Born and raised in rural Manitoba, Kostyshyn graduated from Ethelbert High School in 1974, where his children also attended. For the past 26 years, Kostyshyn has worked on the family farm consisting of a 200 cow/calf operation with 2560 acres. He has served as Reeve of the RM of Mossey River and on council for two decades.

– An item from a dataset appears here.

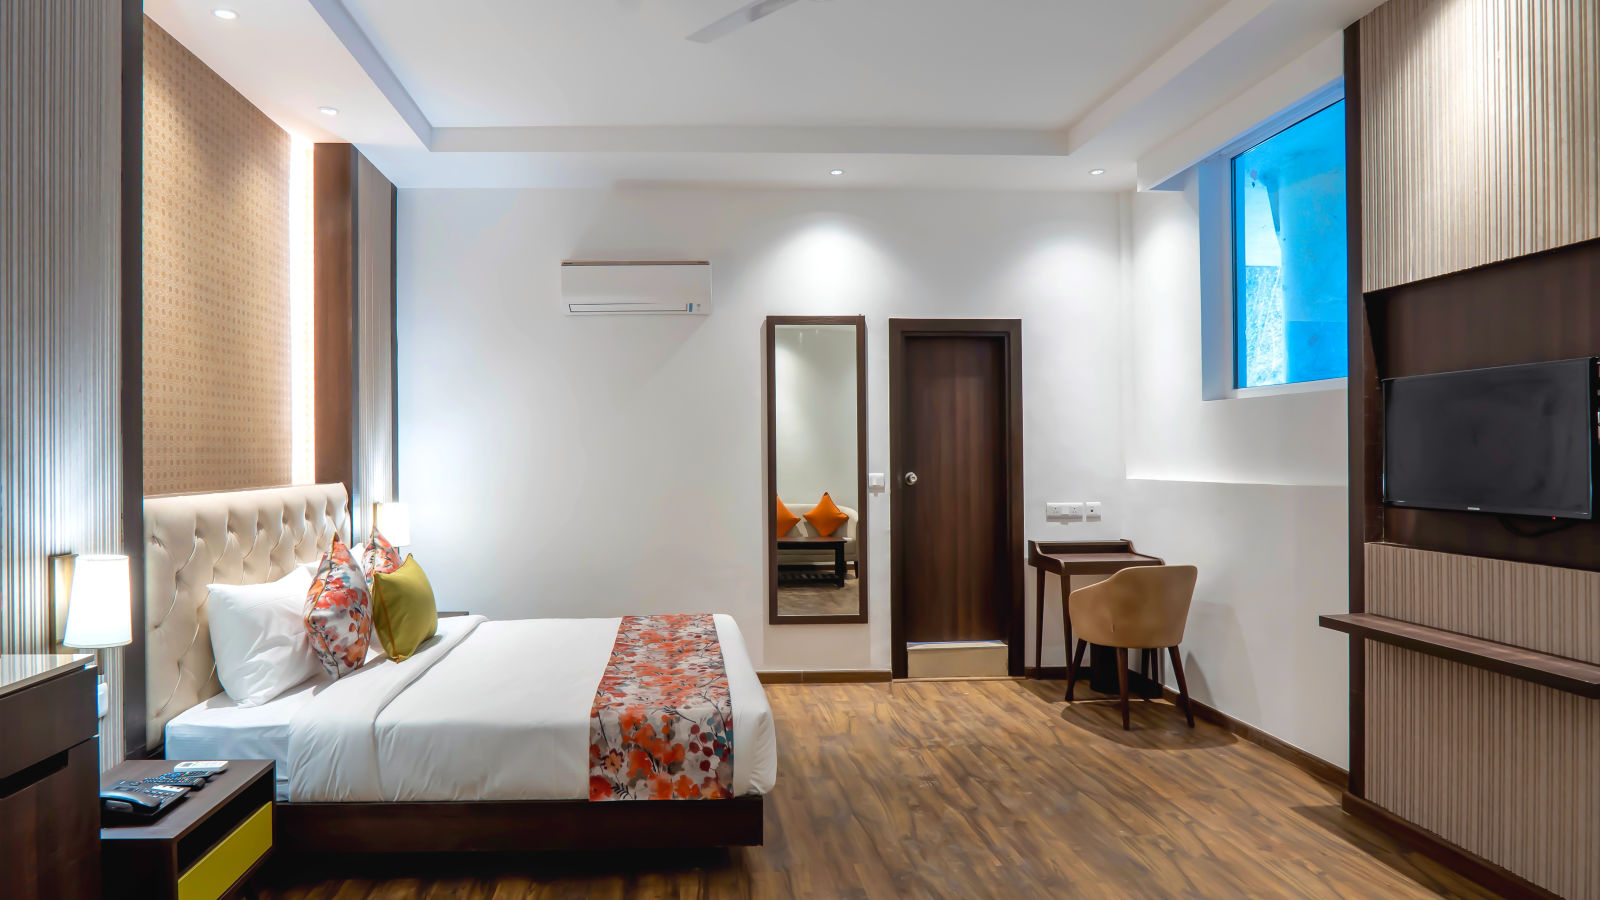 Premium Rooms at Hotel Le ROI Lake View Koti for a cosy stay along with various in-room amenities3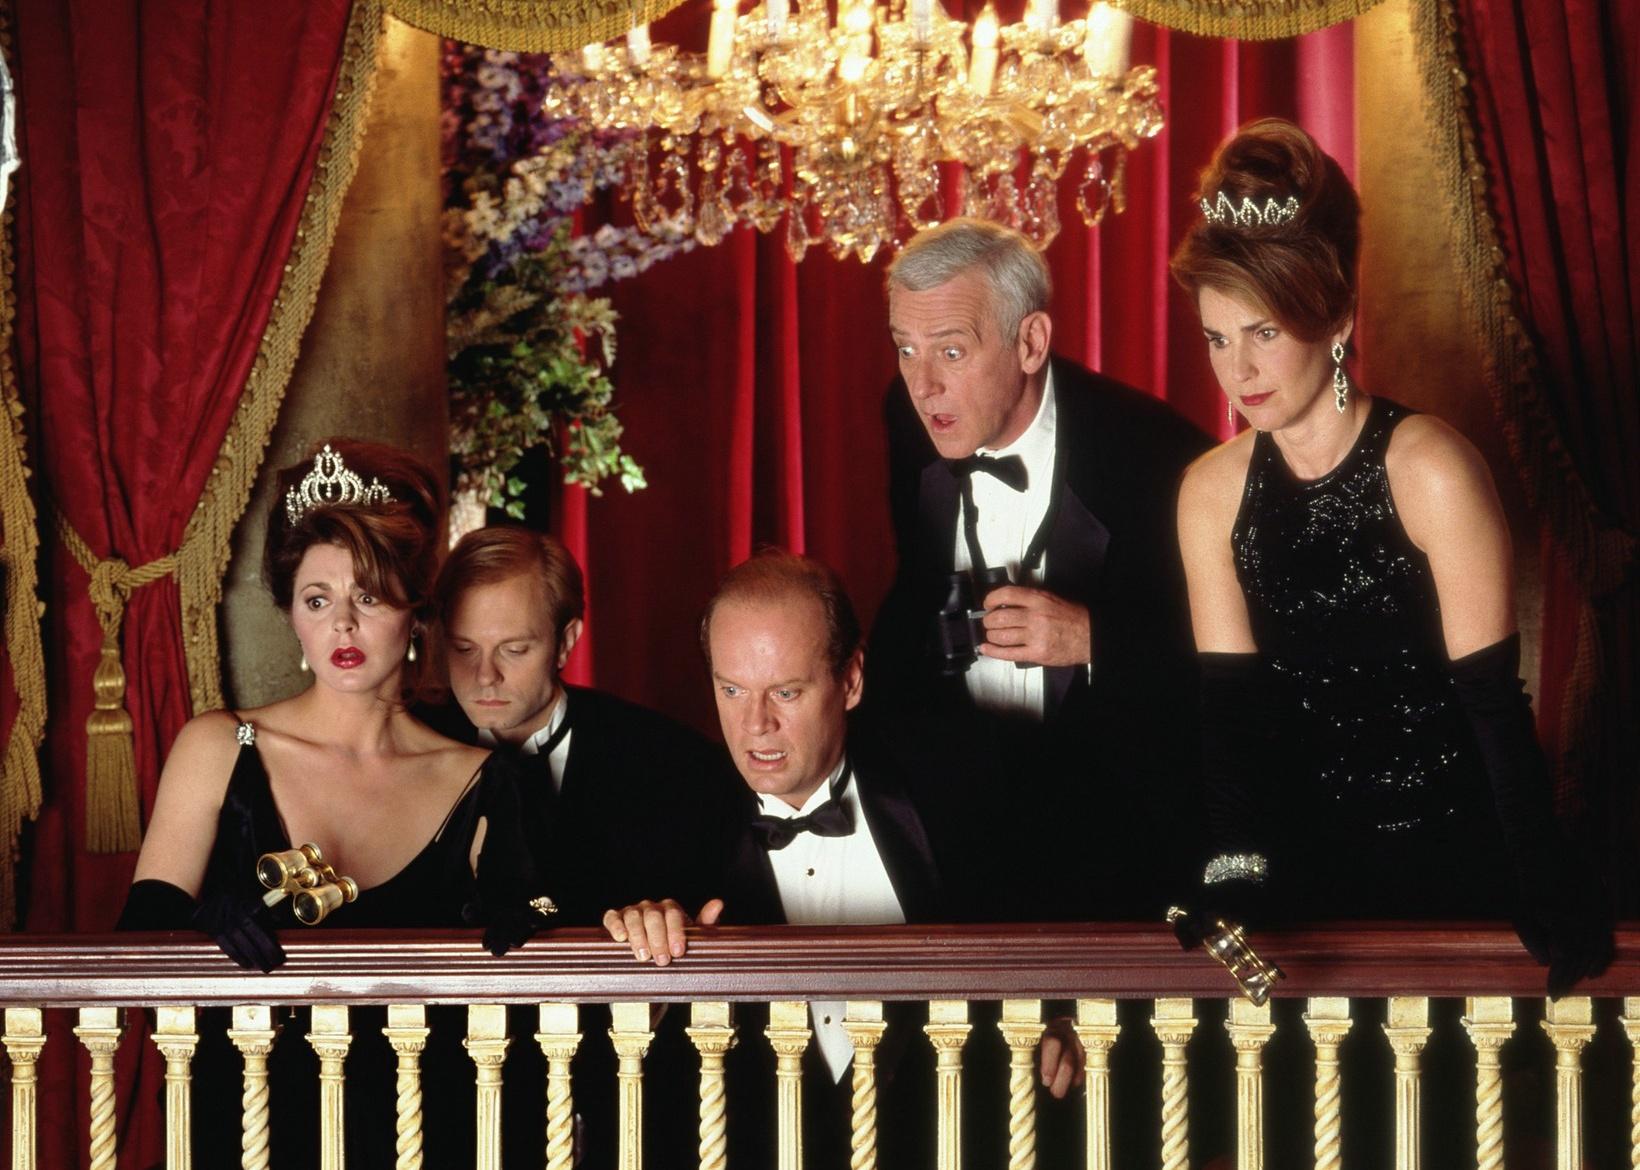 The cast of Frasier on an opera balcony looking down at the stage.

He has also served on various boards including the Association of Manitoba Municipalities, Manitoba Conservation Commission, Intermountain Conservation District, Ethelbert District Veterinary Board, Farm Stewardship Association of Manitoba, and the Ethelbert Curling Club and Skating Rink.

Kostyshyn lives in the Ethelbert area and is married to his wife Judy.  They have two adult daughters and one grandson.

Electoral results

References

Living people
Members of the Executive Council of Manitoba
New Democratic Party of Manitoba MLAs
21st-century Canadian politicians
Year of birth missing (living people)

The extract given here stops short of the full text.